Salai Napolean says:
“All this talk about “tyranny” and “serial killers” is exactly the problem with exile politics.”
Er… I’m not an exile…are you?
And no, all of this talk about tyranny & serial killers is the problem with the current regime which is in power in Burma, which has deployed the same Burma army shock-troops into the ethnic homelands as the previous regime.
Same shock-troops, same mission, same regime, different front-man with a putatively kinder & gentler machinegun hand.
Hey, I suppose if they rename the Burma army as the “Democratic Burma Army”, it will remove the stigma of their brutal past & like their infamous commanders, they can simply reinvent themselves to become a faux-democratic army to go with the new faux-democratic regime!

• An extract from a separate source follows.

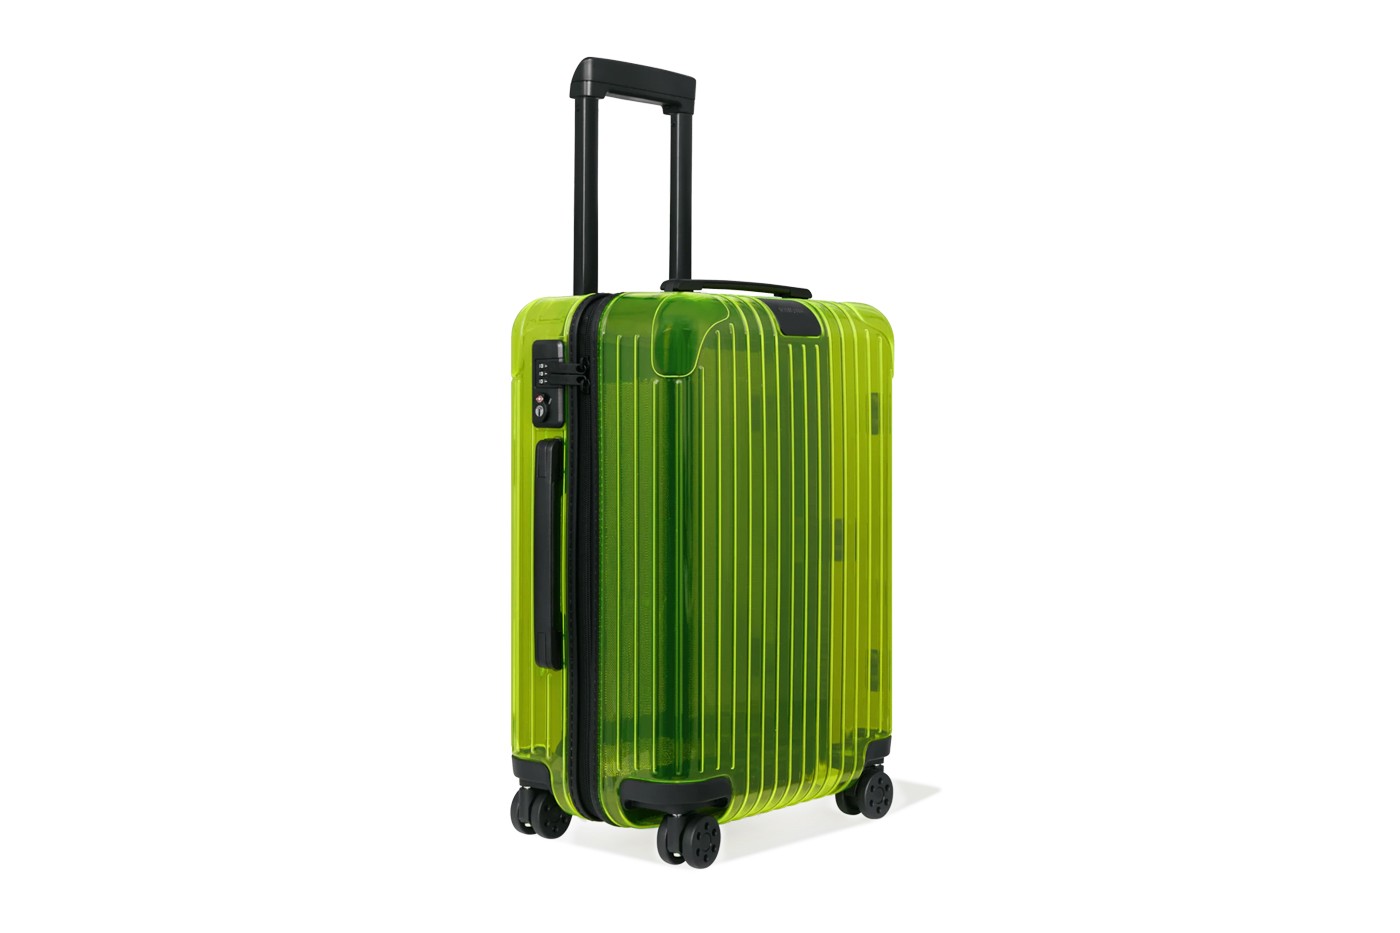 Rimowa выпустил летнюю коллекцию чемоданов в цветах лайма и фуксии (фото 1)

Dialing back the “rhetoric” (read ignoring the truth) may make it easier for Thein Sein’s nominally-civilian regime to get the sanctions lifted, which will make the generals and their cronies investments skyrocket, but it won’t restore the lives of the millions of Burmese men, women, and children who have been enslaved, displaced, raped, tortured, murdered & chased into malarial jungles to starve & die, while the troops deployed by the successive Burman military regimes pillaged, plundered, extorted, enslaved & impoverished those of Burma’s ethnic minority citizens who submitted to relocation.
The only “propaganda” I can imagine is whatever the successive Burman regimes were using to brainwash the urban citizenzy into apathy while their Buddhist raised Burma army sons were being trained to become inhumane weapons of greed & ethnic persecution in the hands of the Burman generals like Thein Sein.

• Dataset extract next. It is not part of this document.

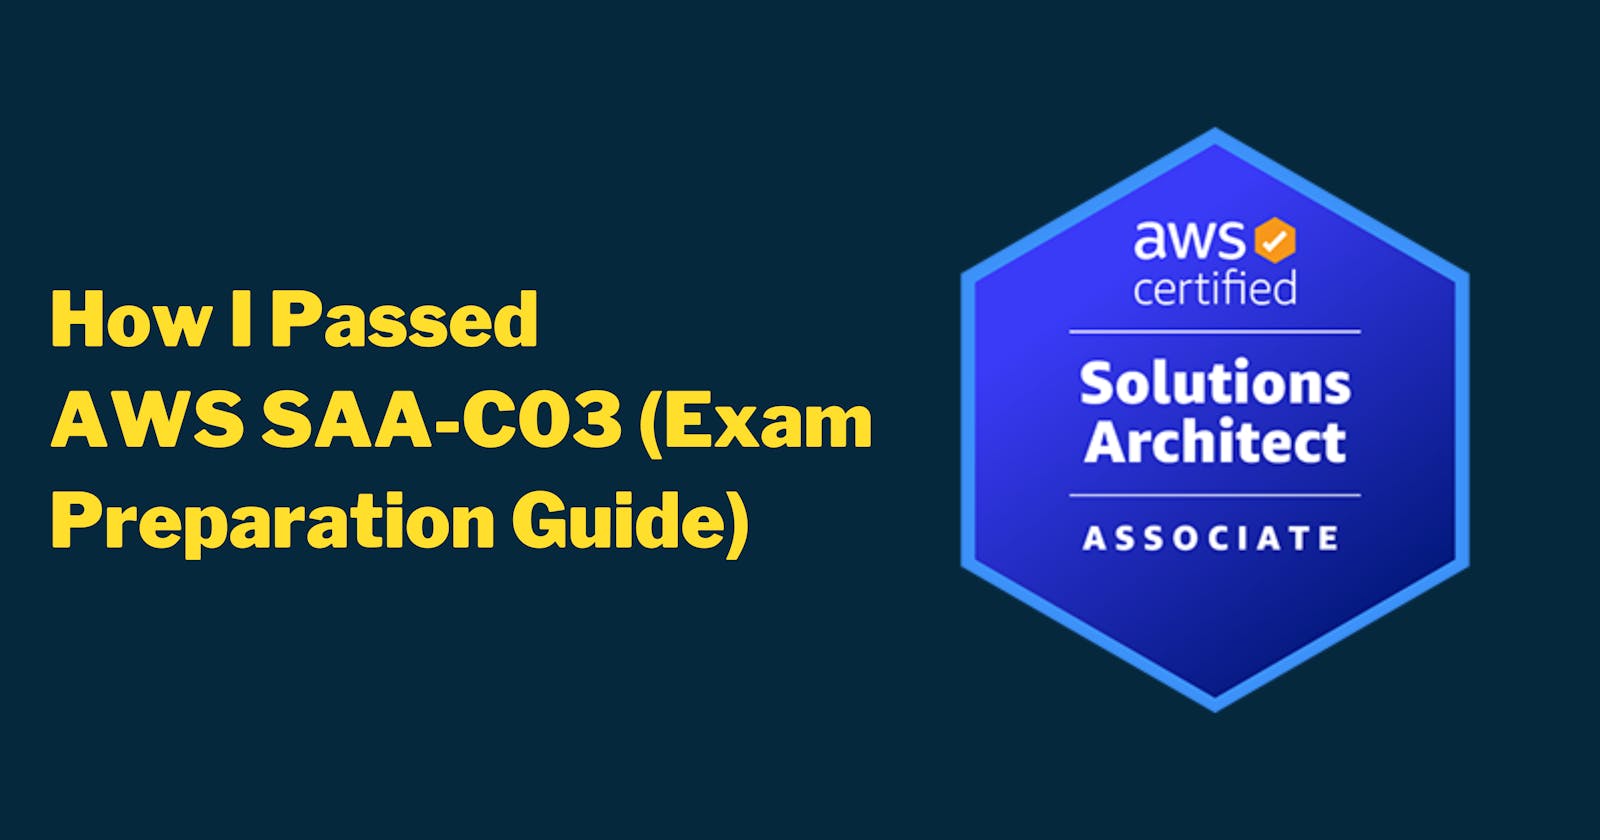 How I Passed AWS SAA-C03 (Exam Preparation Guide)

Oh wait a minute,…I get it, Salai Napolean must either be a brainwasher, or a brainwashee, whose mind is “unencumbered” with the memories of 65 years of Burman brutality against Burmese ethnic minority citizens.

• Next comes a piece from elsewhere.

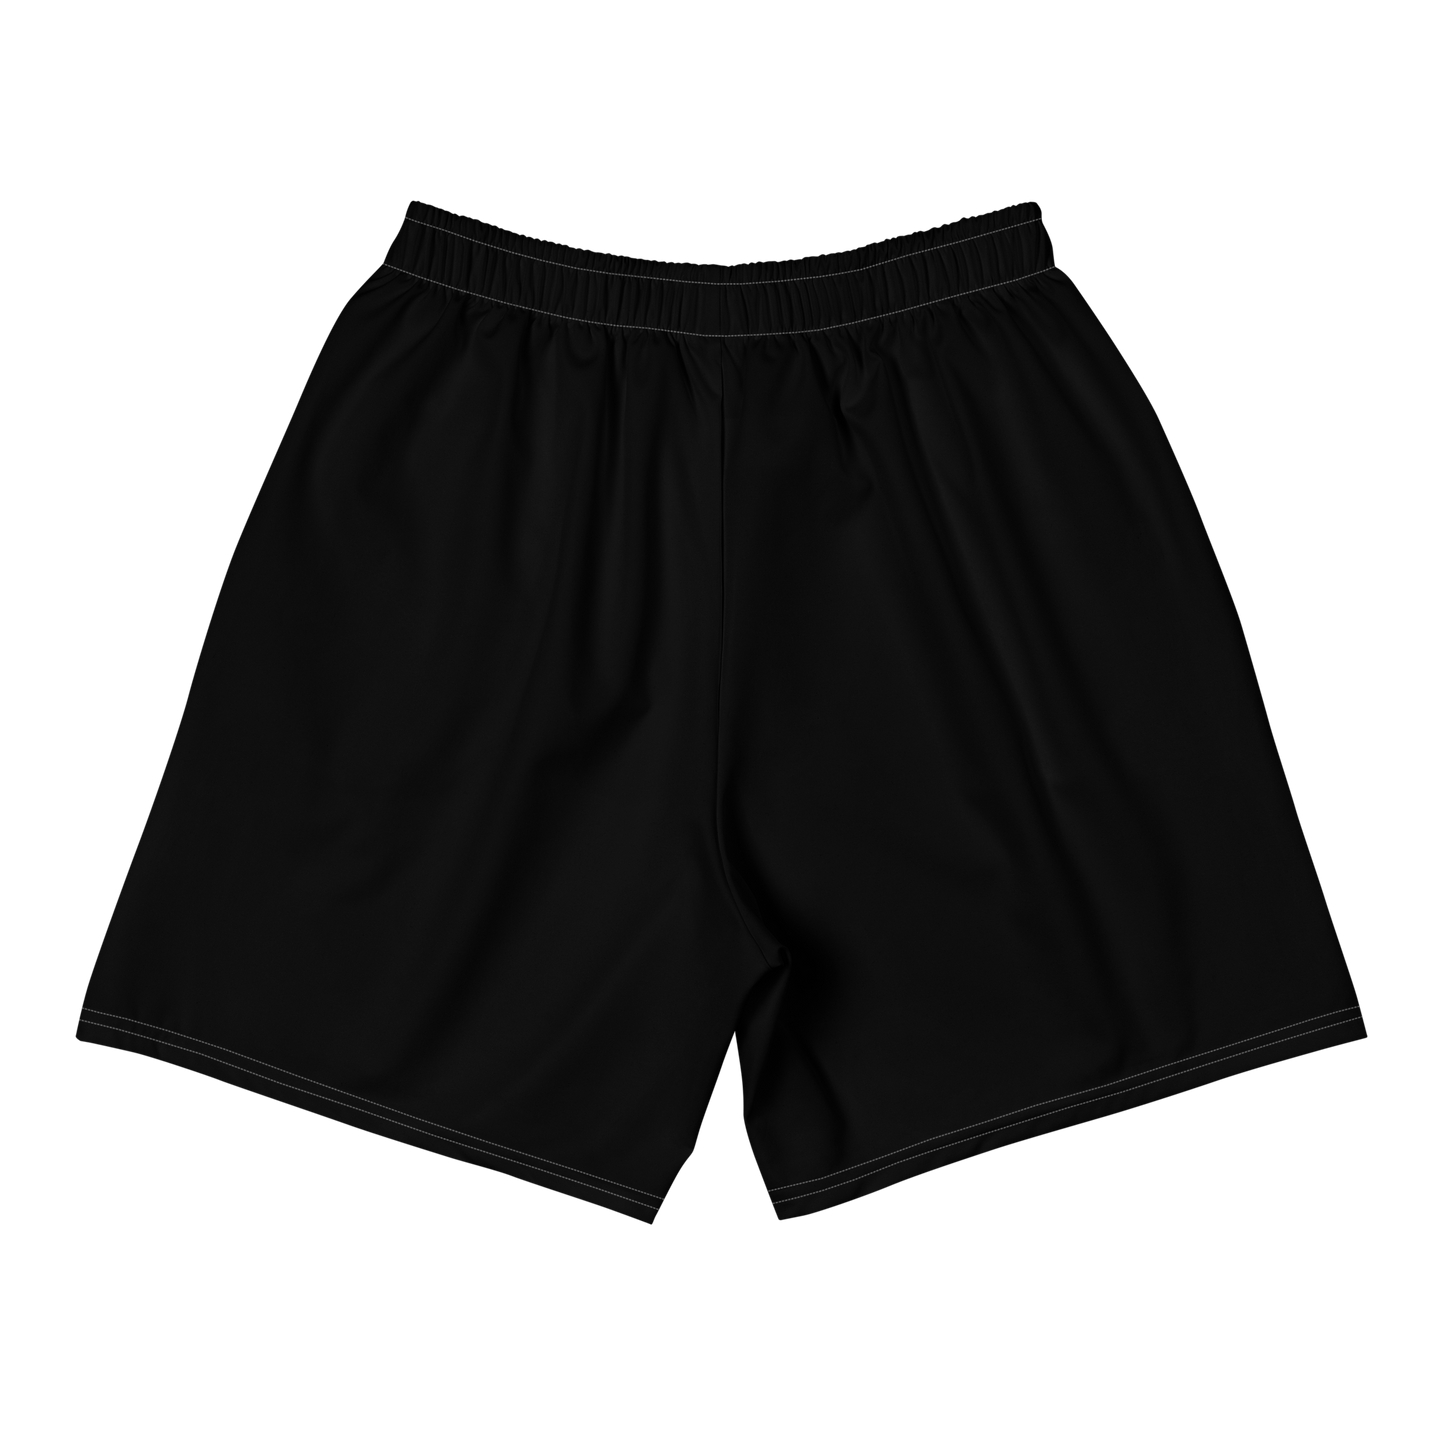 OE 'Black' Shorts

Just drink another cup of Kool-Aid & forget the millions of victims.
The author said in conclussion that ‘Allowing these peoples of diverse backgrounds to converse on a common civic identity’. This is the statement that all people in Burma, not only the ruling elites, but also farmers and women who are stuggling for daily end need, two meal a day with children shall be given a chance, a second change perhaps that Burma reaches a new landmark for social and political stability.
Over the past 20 years, US or UK based people, not only the government’s officials wishes Burma to find its own place in the new world.
It is a ‘Burmese culture’that we first blame someone than ourselves. This is a sin in Burma’s long mental illness in political affairs. It is a new sin if you like.
The 21st century is a century of free thikning on your own. You test yours abbility within.
Frankly, do we know how much Burma’s exile donate money to the poors in the alst 20 year?
We have found NGOs, other donors given donations for the poors, not much from the exile, as we know.
Time has changed in the last 10 months. If someone has ability to work for Burma, let’s him /her find the way.
Imagine, over 3 millions children in ethnic areas do not have legally open Langauge class under the government’s public school in the alst 60 years and more.
Imagine, million of men and women in rural area did not have access to higer education in the last 60 years.
In fact, Burma’s ruling class / elites wasted time and oppotunies for a sound management of its own affairs in decades.
If we (Burmese and others) love the ‘blame games’, good luck!
This is the real test. Burma’s experts (Burmese and non-Burmese) has time and opportunity to end civil war, to end oppression of any forms, to install the rule of laws and finaly to freely elected its own government in every 3 years.
The author only wishes to see a unity of civic identity, not a room for blaming each other.
If 40% if the non-Burmese ethnic population, do not have rights…
Maung Zarni argues that the regime is using political reforms to continue internal colonisation of ethnic areas for the purpose of economic extraction.
Cheer Zarni for his wise and intelligent argument.